Long boring search for error
Wondering if it was something wrong with the panel, I removed the knobs, removed the board and checked if the selectors and everything worked, and it seemed to so I put it back. Not mechanical failure there at least.
I looked at the schematics (internet is good) and tried to see where the panel board is connected to. Turns out, naturally, it's scanned by the CPU and it's a bit difficult to see if it works but I assumed it did. Then I checked the connectors to the voice board for the signals carrying the information (like octave selection, waveform etc) that wasn't responding. No change there. So, the voices never get that information. I assume the voices are not the problem then. Where to the signals going to the voice board come from? They come from the CPU of course, but via a latch. Aha. I checked the schematics again and compared the in and output of the latch for the waveform selection line. The input to the latch was on the data bus so I couldn't tell what was happening there but at least I saw that things WERE happening. The output never changed state. Why not? Didn't it get the correct data from the CPU or was the latch fried? I checked the clock pin of the latch and saw a steady 0V level with some noise. No clock pulses reach the latch? Hm... Where are they supposed to come from? Schematics say pin 35 on the CPU. I checked conductivity between pin 35 and the clock pin on the latch... No connection! Aha! But why?
Trying to see on the PCB layout in the service manual and on the board itself where the trace on the PCB leads is tricky. After a while I found it, and.. yes... of course it runs just under where the damaged 74LS08 chip was. So, I attached a jumper wire on the back of the PCB instead, restoring the connection between CPU pin 35 and the latch. Success! I could now change octave, waveform and everything! JOY!

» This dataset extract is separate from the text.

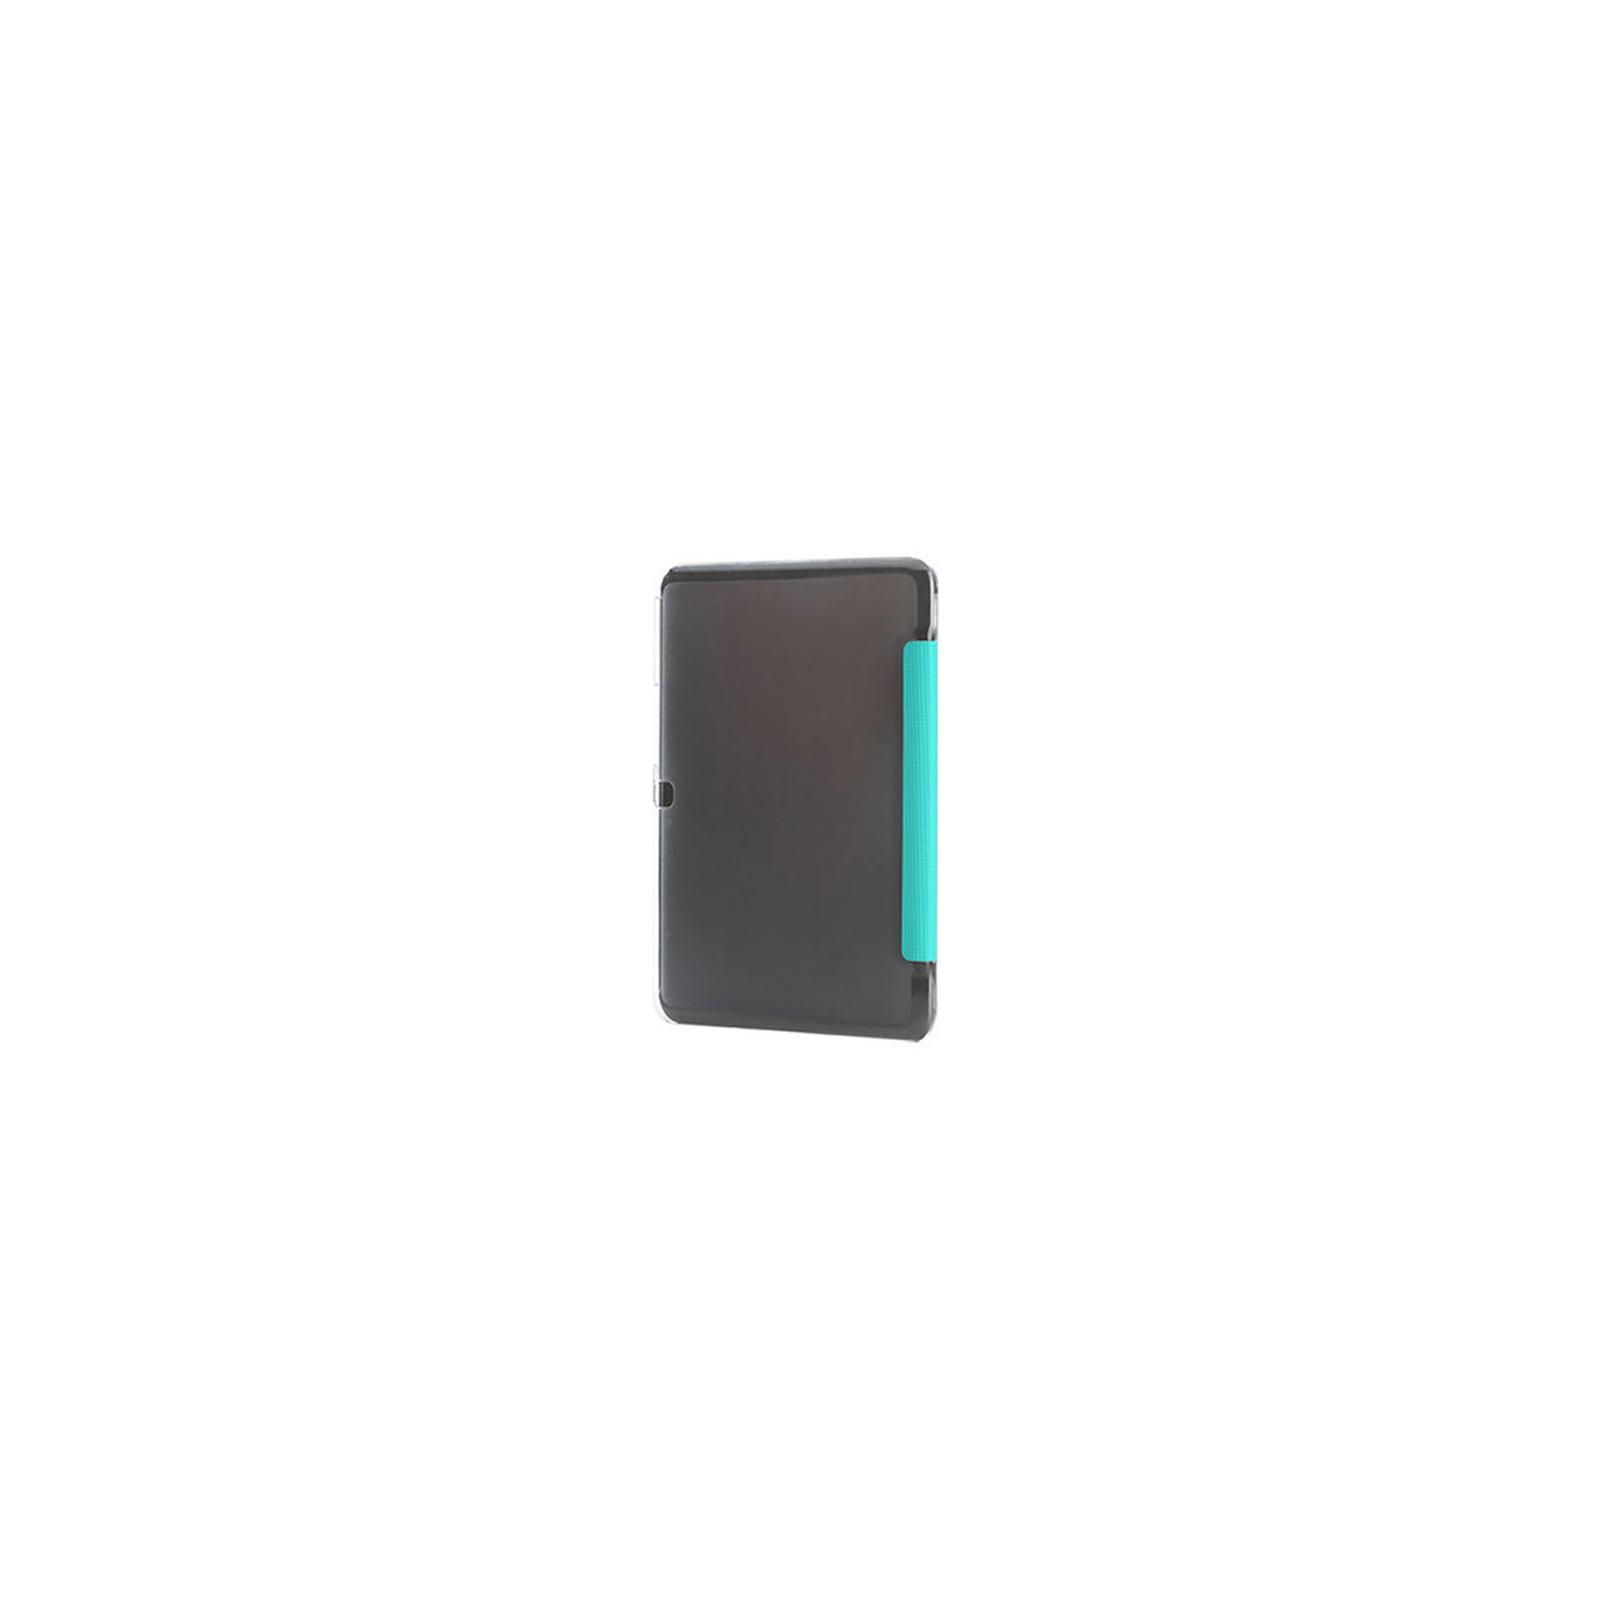 Чехол для планшета Rock Samsung Galaxy Tab 4 10.1 New elegant series azure (Tab 4 10.1-65462) изображение 2

Let me just tell you, that using a USB oscilloscope is messy when you don't have enough room to put the synthesizer near the computers. So, I had to look at the service manual PDF, go to the synth, place the probes, gently turn around and look behind me at the computer screen without slipping and causing a short-circuit with the probes, only to realize I forgot to alt-tab back to the oscilloscope application. So, remove the probes, go to the computers, press alt-tab to bring up the oscilloscope, back to the synthesizer, place probes, turn around and check the screen.

I think I did this mistake of not bringing up the oscilloscope screen like 10 times. VERY annoying... Ah well...

What's left to do?
Of course the keyboard is in bad shape and most of the keys are not responding. Hopefully I'll be able to clean them and get them to work. A lot of the buttons on the panel are bad and don't always respond and a couple of them look like they've been hit by something hard.

Something that worries me is that the voices are a bit detuned towards eachother and I also think that the voices don't track perfectly across the entire keyboard. I also noticed that the second voice is a bit louder than the others. This means calibration. Brrr... I hope I can do that right. I'm a bit nervous that I'll just make it worse instead :)

MIDI on the horizon?
I was not planning on putting a MIDI interface in this or the Poly 61 since the only ones I've found are expensive. However, I recently found a czech company selling reasonably cheap kits that at least implements acceptable MIDI functionality.
They have a MIDI kit for the Polysix and they have a kit for the Poly 61 under development. Great! If/when I get my synthesizers in good working order I will most definitely order one of each once the Poly 61 kit is available as well.